We have a long-term research focus on the following aspects of biopolymers (e.g. starch, chitosan, cellulose, alginate, gelatin):
- Multilevel structures
- Molecular interactions (e.g. hydrogen bonding, ionic interaction)
- Dissolution and plasticisation
- Chemical and physical modification
- Innovative processing and manufacturing (reactive processes, ‘green’ processes, emerging techniques)
- Structural evolution during processing, modification, ageing and usage
- Blends, composites and nanocomposites
- Processing-structure-property relationships
Featured research findings
- The thermal transition of starch is largely influenced by the ratio of ionic liquid/water. Aqueous ionic liquid with a certain ionic liquid/water ratio leads to the most effective structural disorganisation and amorphisation of starch at significantly reduced temperature (even at room temperature) (read Carbohydr. Polym. 2013, 94, 520-530; Phys Chem Chem Phys 2015, 17, 13860-13871; ACS Sustainable Chem. Eng., 2017, 5 (5), 3737-3741). This also allows the effective plasticisation of starch in a highly concentrated state under “melt” processing (read ACS Sustainable Chem.
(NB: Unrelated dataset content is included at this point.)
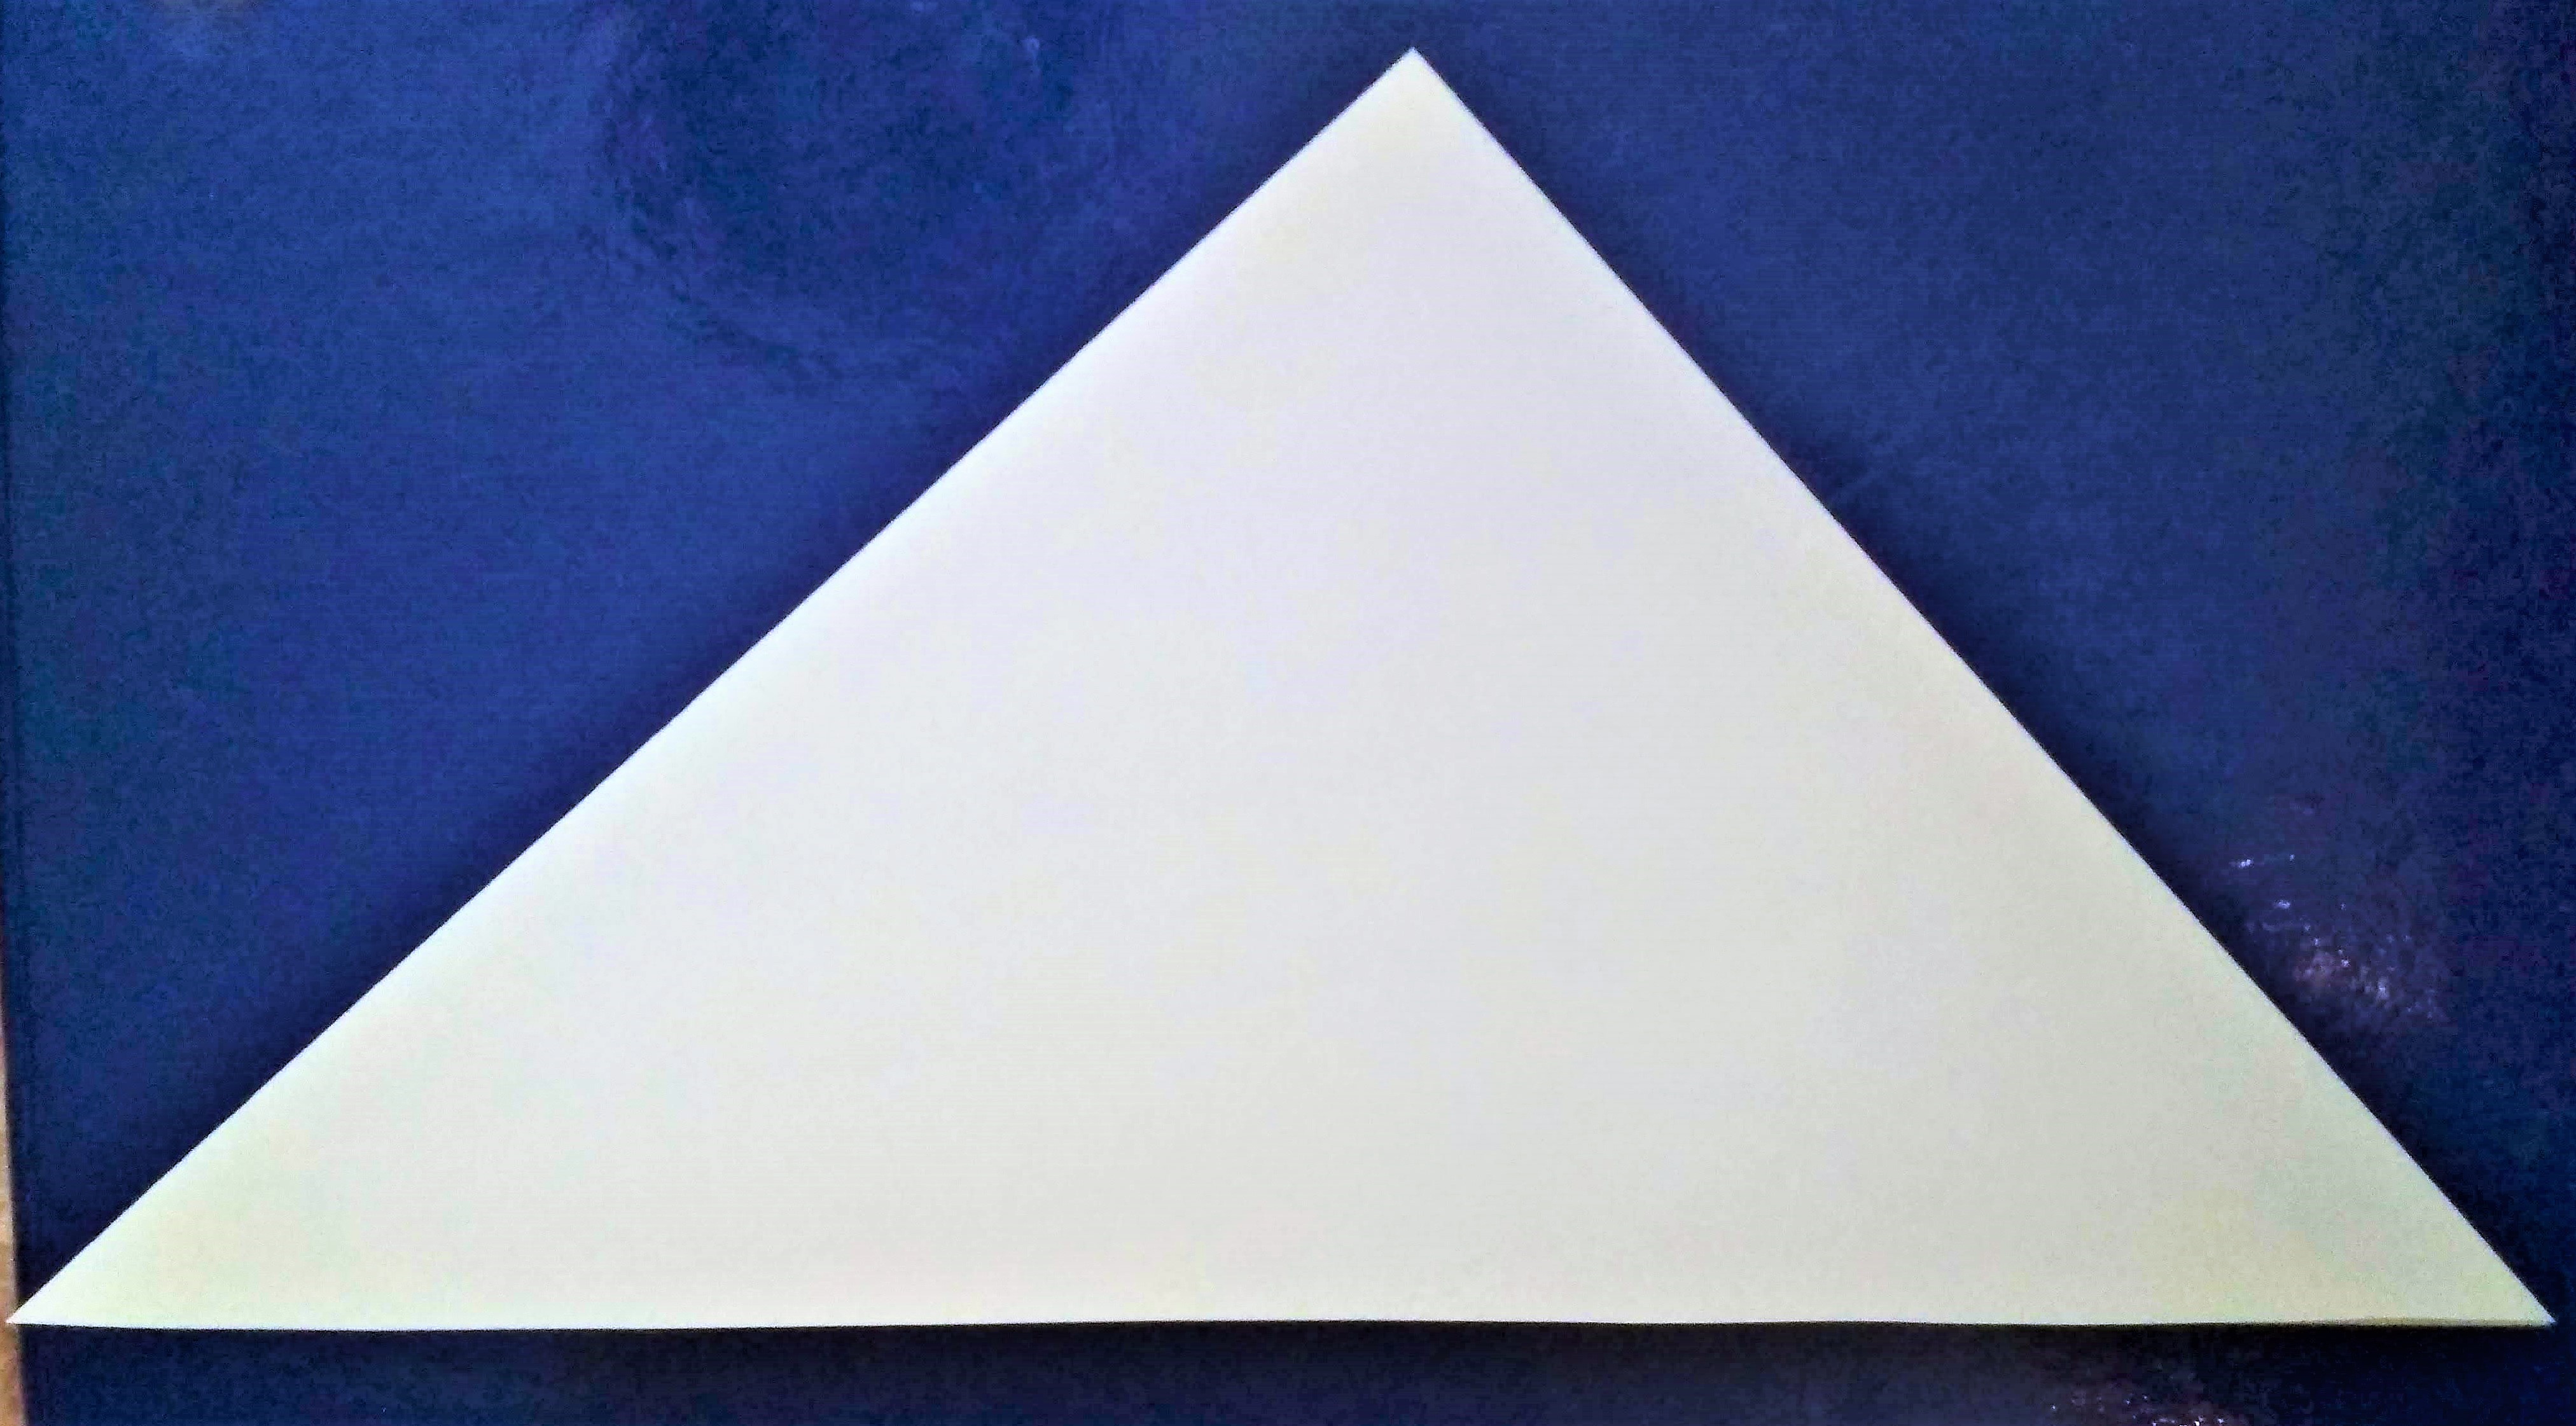 trójkąt

Eng. 2017, 5 (6), 5457-5467).
- Starch, even high-amylose starch, can be fully dissolved by aqueous metal chloride salts (e.g. ZnCl2, CaCl2, MgCl2) at moderate temperature; starch nanoparticles forms resulting from this dissolution process (read Carbohydr. Polym. 2016, 136, 266-273; ACS Sustainable Chem. Eng. 2020, 8 (12), 4838-4847). Under “melt” processing, ZnCl2 solution has an excellent plasticisation effect on starch and in-situ formed starch-zinc complexes can enhance the mechanical properties of starch-based materials (read Carbohydr. Polym. 2019, 206, 528-538). Simply mixing CaCl2 solution with starch can lead to starch-based materials with ionic conductivity and strain-responsiveness (read ACS Sustainable Chem. Eng. 2020, 8 (51), 19117-19128).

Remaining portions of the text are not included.